Дом у Механика приземистый, оконный проем низковат, пришлось нагнуться, чтобы заглянуть. Пчелы загудели громче, но больше никак на меня не отреагировали. Взгляду открылась комната, там на койке с полосатым матрацем сидел Лютик, а на середине стояли Выдра с Калугой, краевец – спиной к окну, а охотник – лицом. И спорили. Так спорили, что уже почти дрались. Пчелы гудели как сумасшедшие, проносились прямо у меня перед лицом, бились о стекло, некоторые застряли в складках плотно вбитого в дыру одеяла и дергались так яростно, что оно аж шевелилось, будто живое. А вторая крылатая бригада, значит, за дверью дежурит, в гостиной… Патовая ситуация, однако. Пчелы внутрь никак не попадут, но и люди наружу выйти не могут.
Тут Калуга увидел меня, и выражение лица у него стало просто непередаваемое. Он даже слегка подскочил, отпихнул Выдру и подался к окну, разинув рот. Краевец повернулся так резко, что взметнулся лохматый хвост банданы, тоже вылупился на меня.

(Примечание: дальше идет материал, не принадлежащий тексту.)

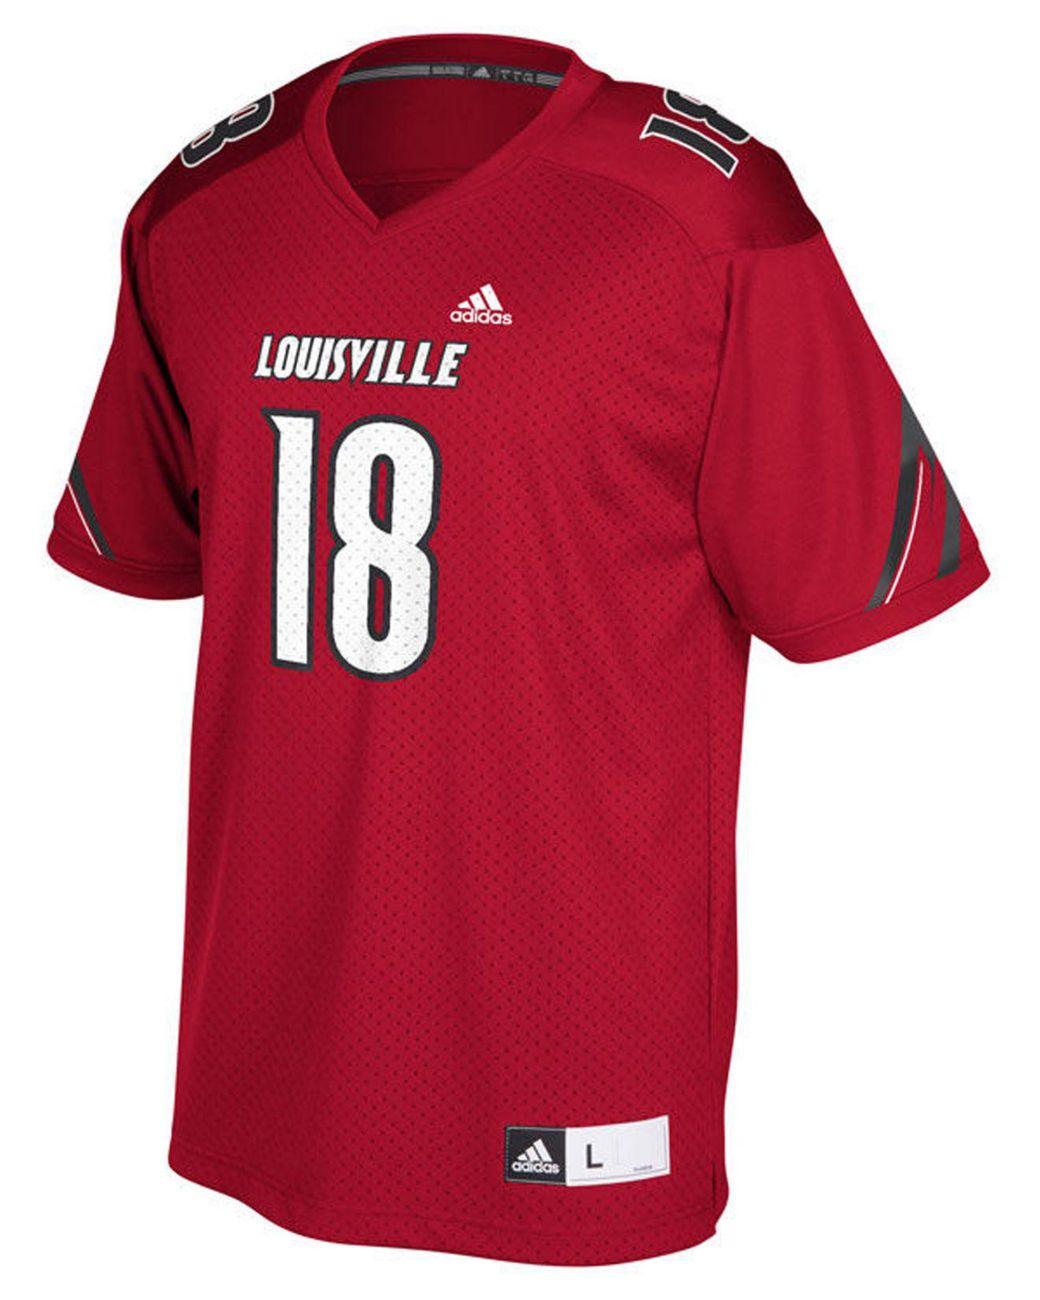 online retailer ac1e7 6a8ac Men's Red Louisville Cardinals Replica Football Jersey

На лице мелькнули испуг и недоумение, а после – разочарование. Надо же, как он моей смерти рьяно желает, так уж я ему досадил тогда, сбив с ног и забрав «ТОЗ»… А вот фиг тебе, мохнатый, жив я, жив, бодр и почти что весел.
Калуга подскочил к окну, нагнулся, как и я, заговорил. Пчелы загудели еще громче, ощутив или увидев близость потенциальной жертвы, стали биться о стекло. Я отрицательно качнул головой, коснулся уха, показывая, что не слышу. Калуга ткнул в меня пальцем, потом развел руками, помахал, изображая пчел, и скорчил вопросительно-недоуменную гримасу, отчего толстощекое лицо с глазами навыкате стало совсем уж потешным. Позади него возникли головы Выдры и Лютика, тоже склонившихся к окну. Выдра глядел пронзительно и злобно, даже с ненавистью – раньше такой силы чувств в нем заметно не было. Лютик жевал.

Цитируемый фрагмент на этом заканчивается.